In the C code, all we have to do to achieve this, is by interchanging the last and second last loop
int rowsA = 2;
int colsB = 4;
int colsA = 3;
for (int rowA = 0; rowA < rowsA; rowA++) { // Iterate through rows of A or C
for (int sharedIndex = 0; sharedIndex < colsA; sharedIndex++) { // Iterate through shared dimension
for (int colB = 0; colB < colsB; colB++) { // Iterate through columns of B or C
// out[rowA][colB] += A[rowA][sharedIndex] * B[sharedIndex][colB]
out[rowA * colsB + colB] += A[rowA * colsA + sharedIndex] * B[sharedIndex * colsB + colB];
}
}
}
The colB is the fastest moving index.
out[0] += A[0] * B[0]
out[1] += A[0] * B[1]
out[2] += A[0] * B[2]
out[3] += A[0] * B[3]
--- innermost loop done (4 cols of B) ---
out[0] += A[1] * B[4]
out[1] += A[1] * B[5]
out[2] += A[1] * B[6]
out[3] += A[1] * B[7]
--- innermost loop done (4 cols of B) ---
out[0] += A[2] * B[8]
out[1] += A[2] * B[9]
out[2] += A[2] * B[10]
out[3] += A[2] * B[11]
and so on
Here is a gif showing the cache efficient way of doing matmul (the iteration shown is the second loop and the innermoost loop are the multiplies and add)
GPU implementation
The same principles apply to the GPU as well, ie, things are more efficient and faster when we retrieve or store items in consecutive memory addresses, this is called memory coalescing in GPU jargon.
The way we achieve this is by using the naive algorithm. It makes sense when we shift our mind to the way GPU’s work.

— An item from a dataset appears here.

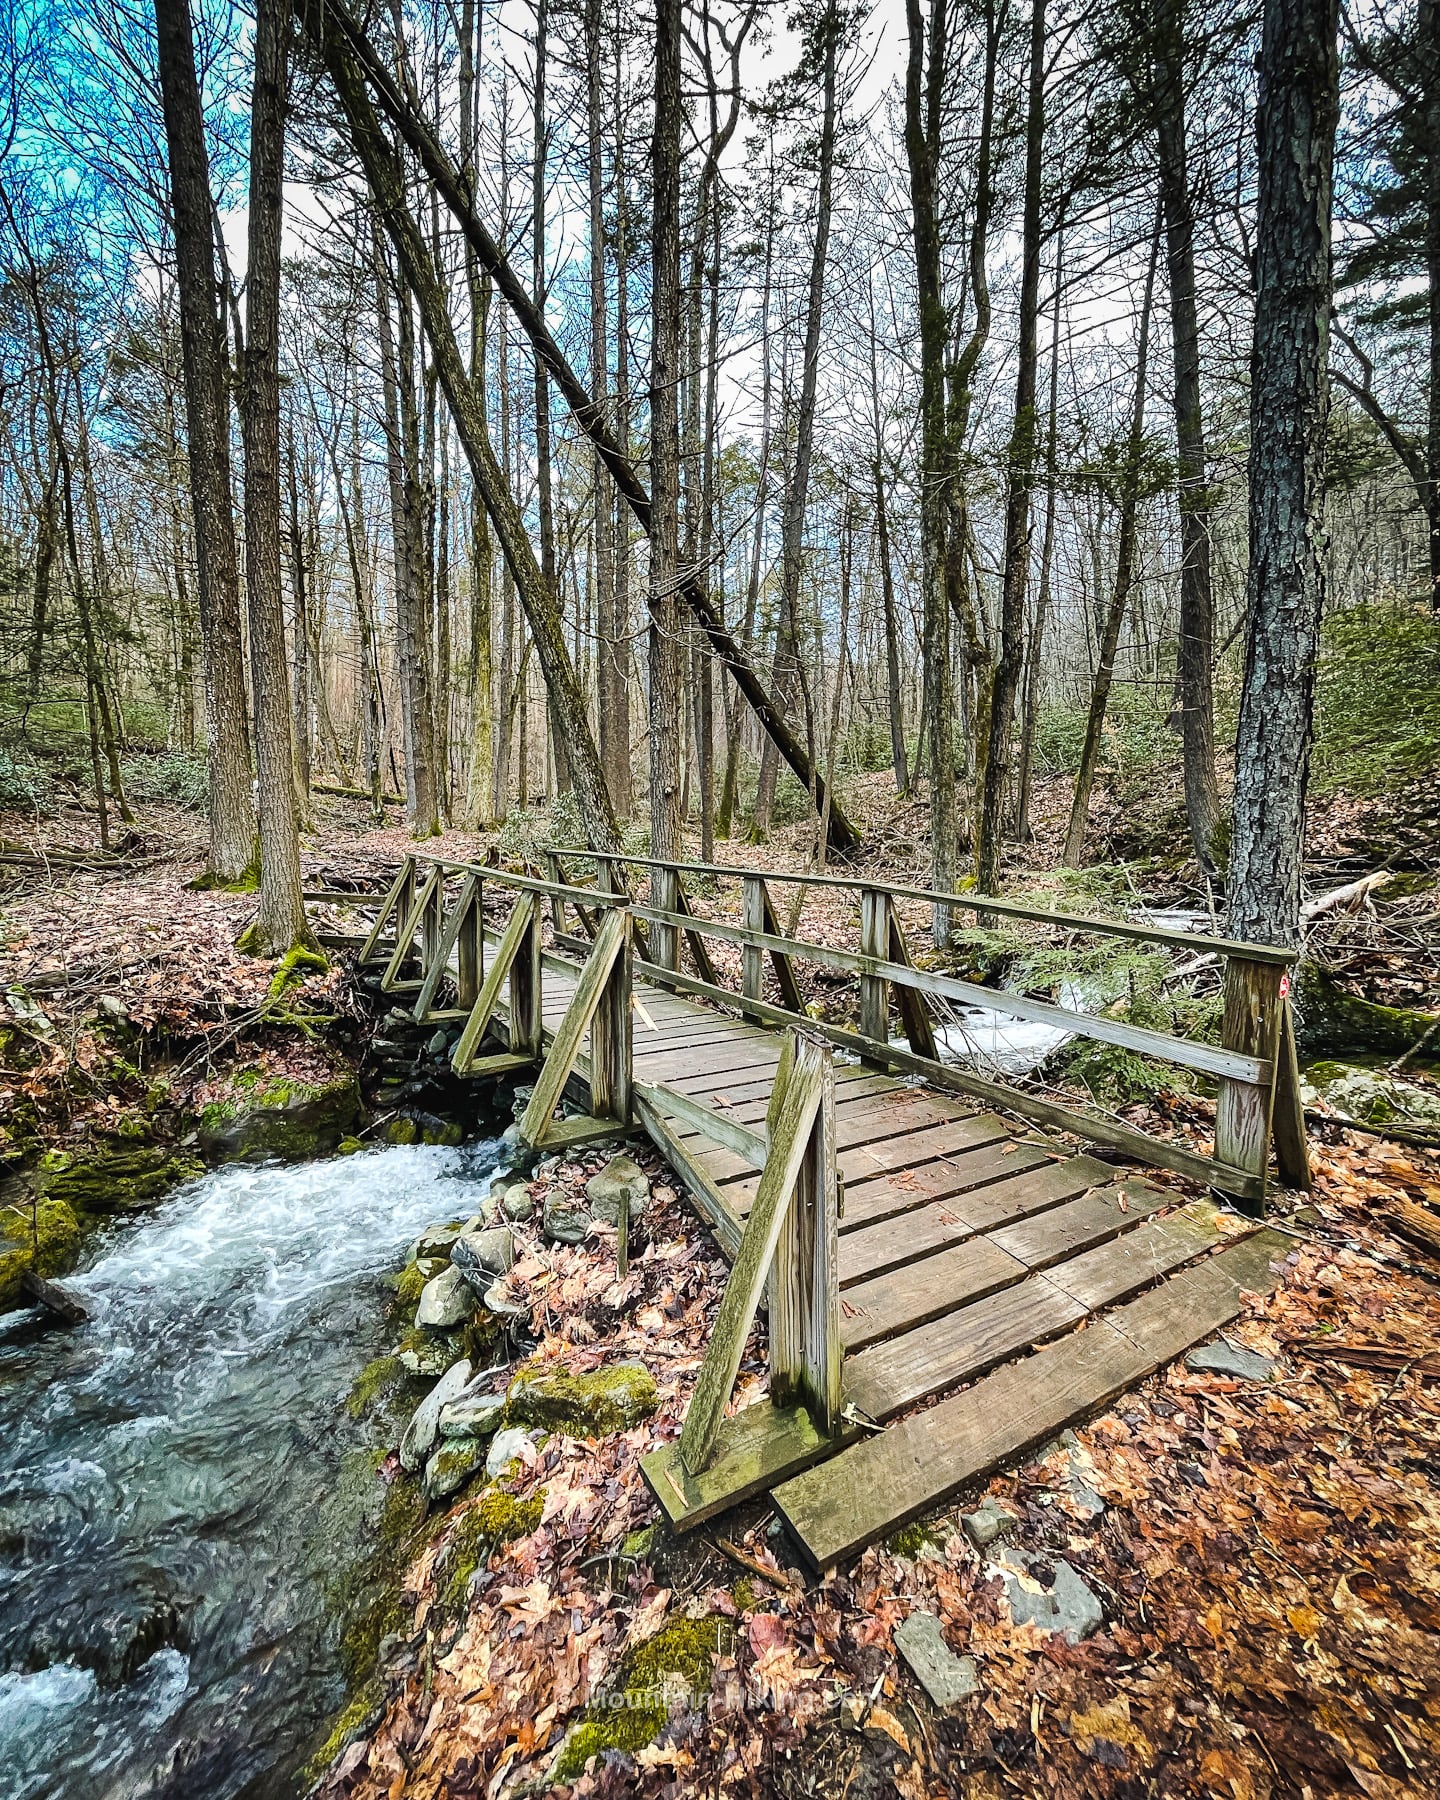 footbridge in the woods passing over a small brook
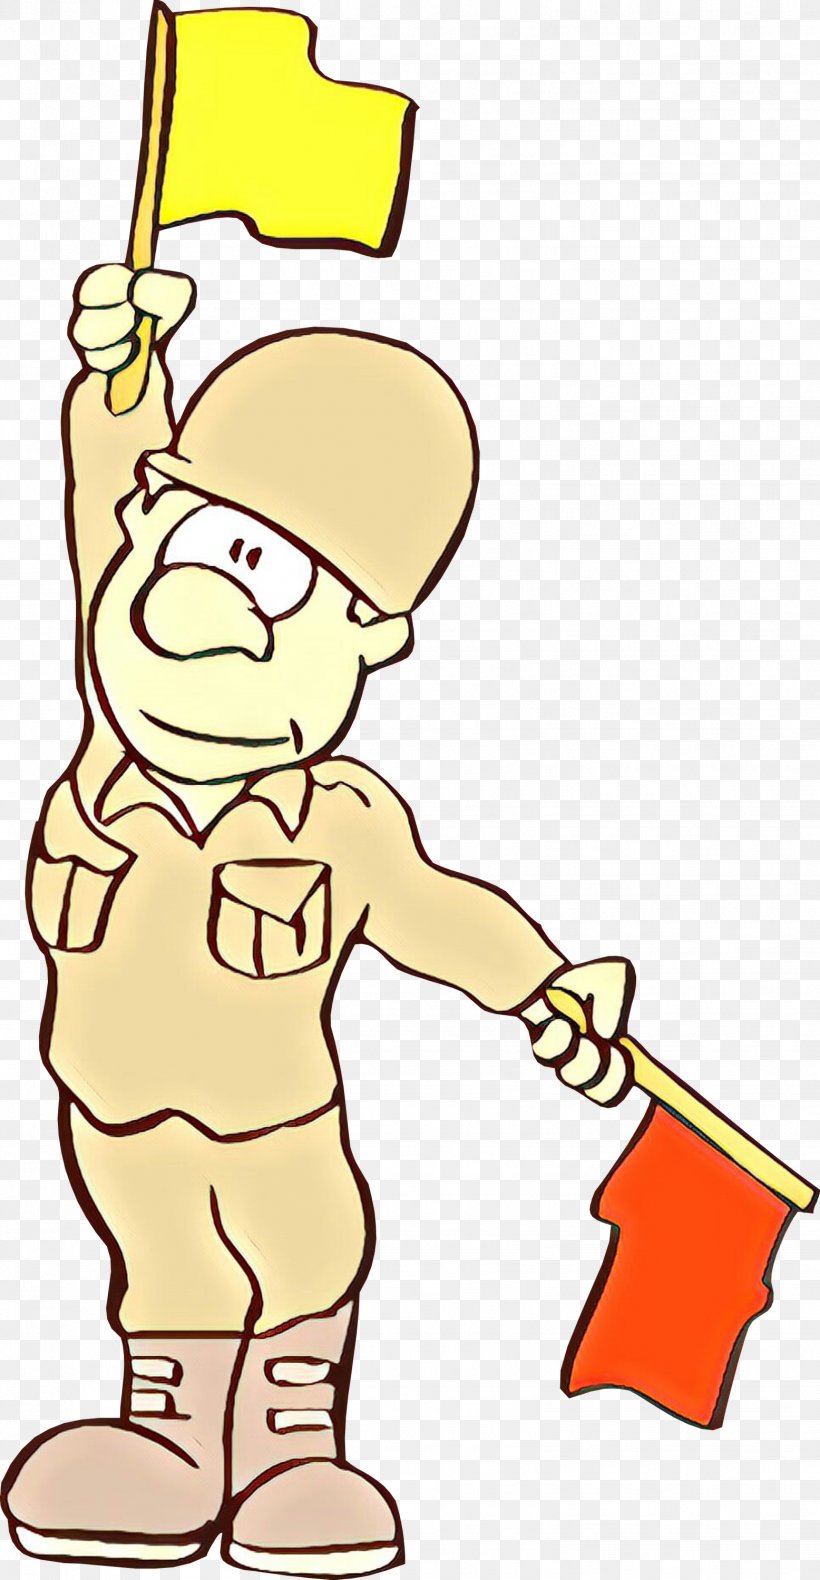 Clip Art Soldier Military Cartoon, PNG, 1556x2999px, Soldier, Animation, Art, Cartoon, Character Download Free

Lets go back to the the naive implementation
out[0] += A[0] * B[0]
out[0] += A[1] * B[4]
out[0] += A[2] * B[8]
--- innermost loop done (3 cols of A or 3 rows of B) ---
out[1] += A[0] * B[1]
out[1] += A[1] * B[5]
out[1] += A[2] * B[9]
--- innermost loop done (3 cols of A or 3 rows of B) ---
out[2] += A[0] * B[2]
out[2] += A[1] * B[6]
out[2] += A[2] * B[10]
--- innermost loop done (3 cols of A or 3 rows of B) ---
out[3] += A[0] * B[3]
out[3] += A[1] * B[7]
out[3] += A[2] * B[11]
Please read my blog post on GPU Programming to understand the fundamentals. The first 2 for loops are launched as thread blocks. Now assuming the warp size is 4 (no of cols in C is 4), each thread in the first row (or in a warp) execute the same instruction. Which means iterating through the last for loop, all the 4 threads calculate the following simultaneously
// first iteration of the innermost loop, all of the below operation is done simultaneously
// 1st thread
out[0] += A[0] * B[0]
// 2nd thread
out[1] += A[0] * B[1]
// 3rd thread
out[2] += A[0] * B[2]
// 4th thread
out[3] += A[0] * B[3]
Each thread calculates its respective indices for A, B and C and all of them access memory that are adjacent to one other.